By leveraging symmetries, logical principles, and consistency conditions, they could often determine the final answer without ever working through the complicated particle dynamics. The results hinted that the usual picture of particle physics, in which particles move and interact in space and time, might not be the deepest description of what is happening. A major clue came in 2013, when Arkani-Hamed and his student Jaroslav Trnka discovered that the outcomes of certain particle collisions follow very simply from the volume of a geometric shape called the amplituhedron.
I wrote about this discovery in March.
Arkani-Hamed suspects that the bootstrapped equation that he and his collaborators derived may be related to a geometric object, along the lines of the amplituhedron, that encodes the correlations produced during the universe’s birth even more simply and elegantly. What seems clear already is that the new version of the story will not include the variable known as time.

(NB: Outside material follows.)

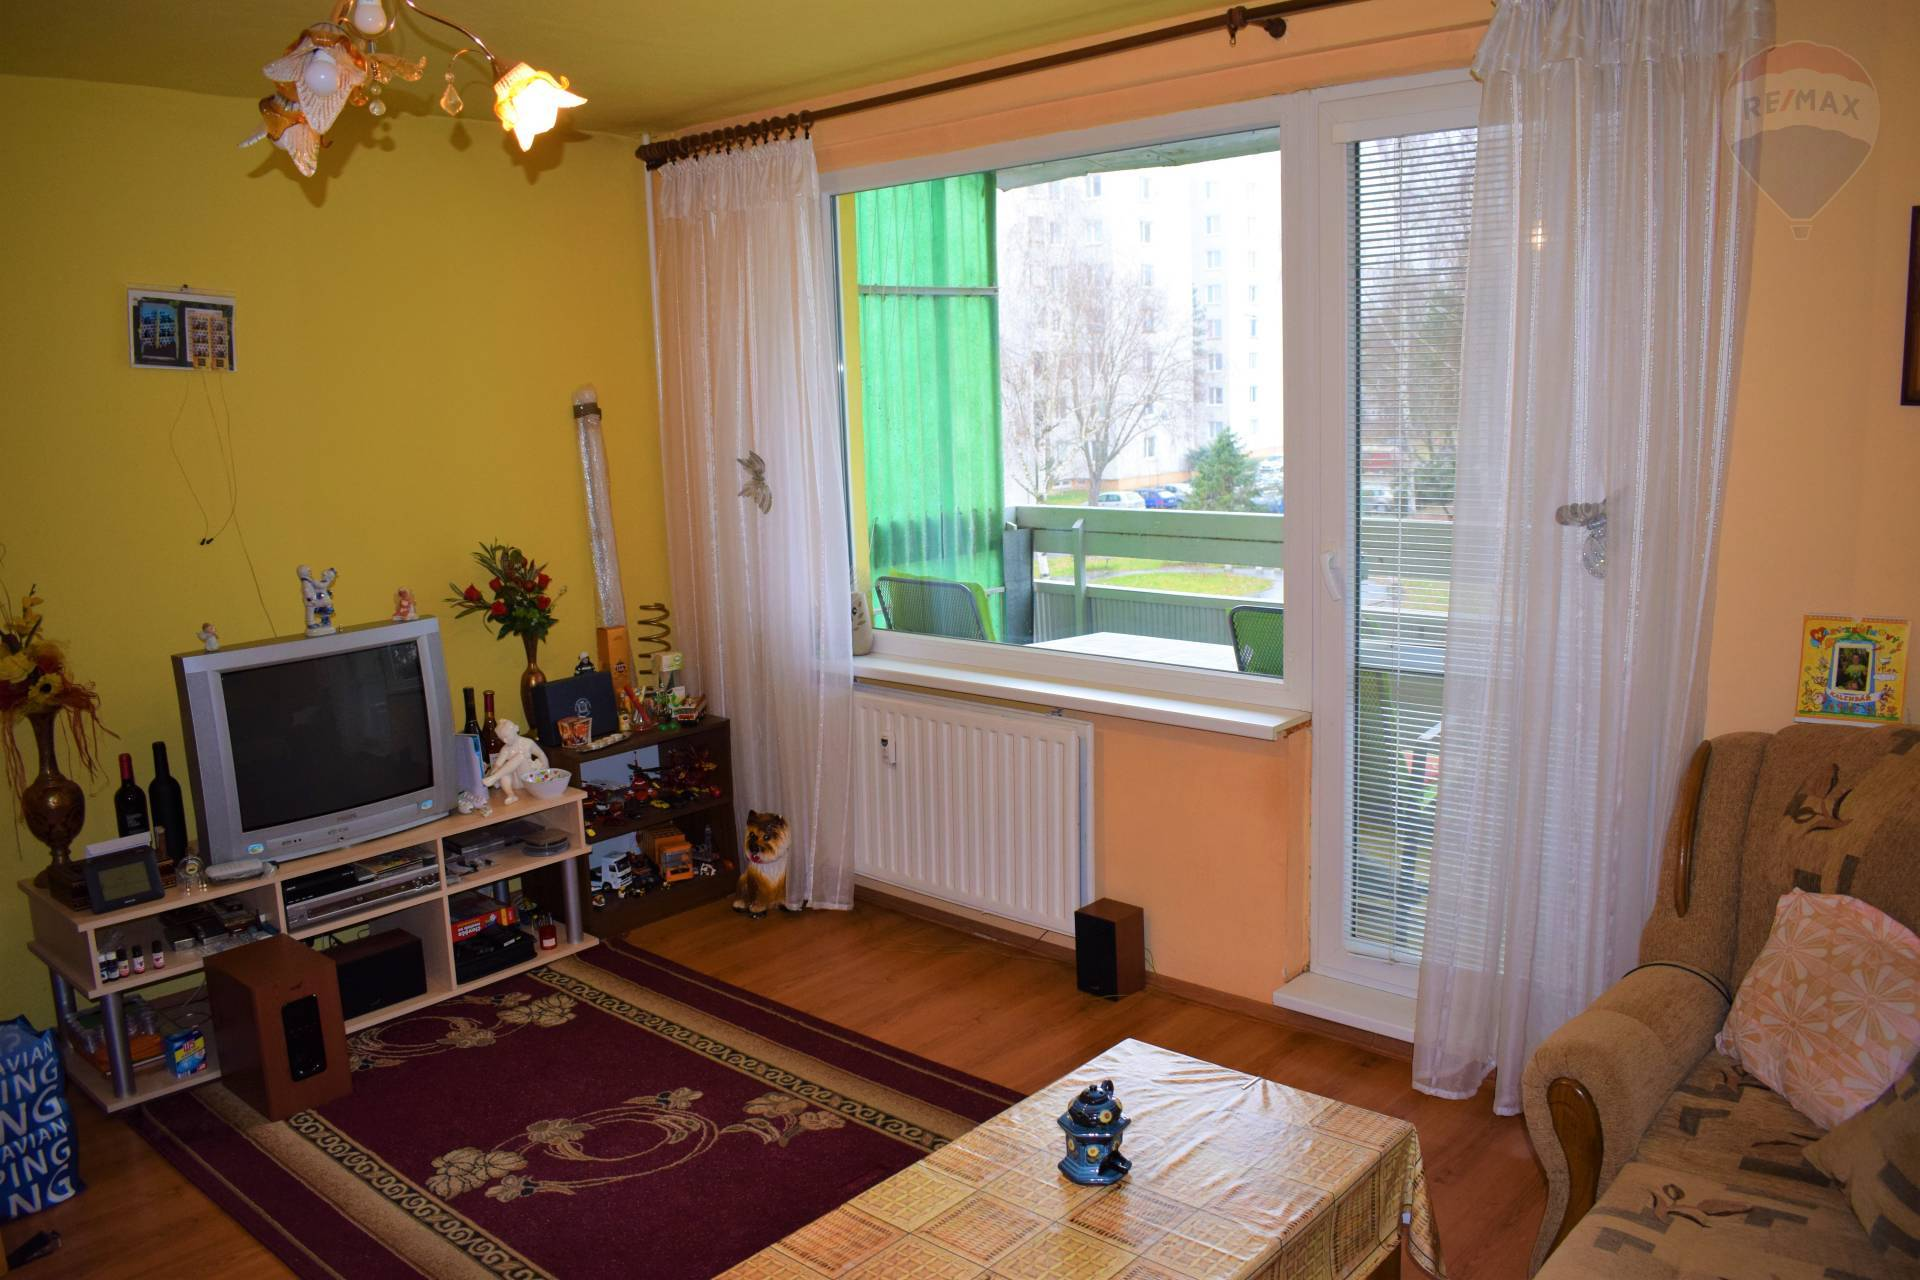 3 izbový byt na Laboreckej ulici v Humennom, na predaj.

An important aspect of the issues being discussed is the replacement of time-oriented functional analyses with time-less geometric ones. As I see it, this raises questions broader than how the structure of the universe itself is mathematical. This work highlights the relationships between physical things, abstract or ideal objects, and the constraints of logic. It says as much about us, and what we do, as it says about the origins of the universe or what we say that time is. I’ll stress, as I often do, that these issues are relevant to people, not just to science. This shift from one kind of organization of concepts (dynamic change) to another (geometric relationships) should encourage us to consider where these conceptual structures are emerging from and how are they connecting us to our reality.
I’m convinced that paying more attention to how we participate in building our reality will clarify quite a lot.